──────── Source data ────────

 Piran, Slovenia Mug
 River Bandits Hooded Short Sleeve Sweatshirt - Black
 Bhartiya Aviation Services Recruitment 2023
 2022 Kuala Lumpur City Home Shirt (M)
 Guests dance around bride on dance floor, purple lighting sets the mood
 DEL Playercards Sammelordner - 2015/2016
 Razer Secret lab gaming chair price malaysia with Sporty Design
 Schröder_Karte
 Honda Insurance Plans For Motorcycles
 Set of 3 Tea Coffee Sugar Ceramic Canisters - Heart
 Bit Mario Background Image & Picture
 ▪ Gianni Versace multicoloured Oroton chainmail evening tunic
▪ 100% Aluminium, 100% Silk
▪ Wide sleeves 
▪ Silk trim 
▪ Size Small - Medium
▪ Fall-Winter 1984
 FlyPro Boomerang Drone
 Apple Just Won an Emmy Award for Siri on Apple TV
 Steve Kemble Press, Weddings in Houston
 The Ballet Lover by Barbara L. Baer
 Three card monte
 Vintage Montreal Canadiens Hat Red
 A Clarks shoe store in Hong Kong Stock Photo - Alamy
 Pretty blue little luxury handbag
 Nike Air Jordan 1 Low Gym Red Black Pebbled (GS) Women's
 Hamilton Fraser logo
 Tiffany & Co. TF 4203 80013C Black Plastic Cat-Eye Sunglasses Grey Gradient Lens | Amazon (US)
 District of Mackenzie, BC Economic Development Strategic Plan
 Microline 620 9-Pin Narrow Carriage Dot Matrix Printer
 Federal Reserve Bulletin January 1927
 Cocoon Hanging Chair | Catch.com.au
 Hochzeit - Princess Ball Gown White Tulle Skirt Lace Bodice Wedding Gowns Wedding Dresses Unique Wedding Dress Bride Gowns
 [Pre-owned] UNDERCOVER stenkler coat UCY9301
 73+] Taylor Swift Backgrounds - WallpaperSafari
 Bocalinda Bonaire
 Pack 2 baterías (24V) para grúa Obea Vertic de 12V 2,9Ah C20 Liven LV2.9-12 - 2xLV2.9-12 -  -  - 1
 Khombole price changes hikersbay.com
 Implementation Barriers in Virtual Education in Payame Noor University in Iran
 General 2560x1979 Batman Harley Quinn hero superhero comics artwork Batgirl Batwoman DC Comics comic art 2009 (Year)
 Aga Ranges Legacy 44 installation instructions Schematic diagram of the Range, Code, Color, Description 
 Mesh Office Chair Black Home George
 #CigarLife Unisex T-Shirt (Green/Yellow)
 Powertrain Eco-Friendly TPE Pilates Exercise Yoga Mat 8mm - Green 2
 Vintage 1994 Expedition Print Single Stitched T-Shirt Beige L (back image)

────────

# [Exercise requirements]
From the records above, transcribe without alteration every line from the one with "Small - Medium" to the one with "Mesh Office Chair Black Home George", inclusive.

# [Task response]
▪ Size Small - Medium
▪ Fall-Winter 1984
 FlyPro Boomerang Drone
 Apple Just Won an Emmy Award for Siri on Apple TV
 Steve Kemble Press, Weddings in Houston
 The Ballet Lover by Barbara L. Baer
 Three card monte
 Vintage Montreal Canadiens Hat Red
 A Clarks shoe store in Hong Kong Stock Photo - Alamy
 Pretty blue little luxury handbag
 Nike Air Jordan 1 Low Gym Red Black Pebbled (GS) Women's
 Hamilton Fraser logo
 Tiffany & Co. TF 4203 80013C Black Plastic Cat-Eye Sunglasses Grey Gradient Lens | Amazon (US)
 District of Mackenzie, BC Economic Development Strategic Plan
 Microline 620 9-Pin Narrow Carriage Dot Matrix Printer
 Federal Reserve Bulletin January 1927
 Cocoon Hanging Chair | Catch.com.au
 Hochzeit - Princess Ball Gown White Tulle Skirt Lace Bodice Wedding Gowns Wedding Dresses Unique Wedding Dress Bride Gowns
 [Pre-owned] UNDERCOVER stenkler coat UCY9301
 73+] Taylor Swift Backgrounds - WallpaperSafari
 Bocalinda Bonaire
 Pack 2 baterías (24V) para grúa Obea Vertic de 12V 2,9Ah C20 Liven LV2.9-12 - 2xLV2.9-12 -  -  - 1
 Khombole price changes hikersbay.com
 Implementation Barriers in Virtual Education in Payame Noor University in Iran
 General 2560x1979 Batman Harley Quinn hero superhero comics artwork Batgirl Batwoman DC Comics comic art 2009 (Year)
 Aga Ranges Legacy 44 installation instructions Schematic diagram of the Range, Code, Color, Description 
 Mesh Office Chair Black Home George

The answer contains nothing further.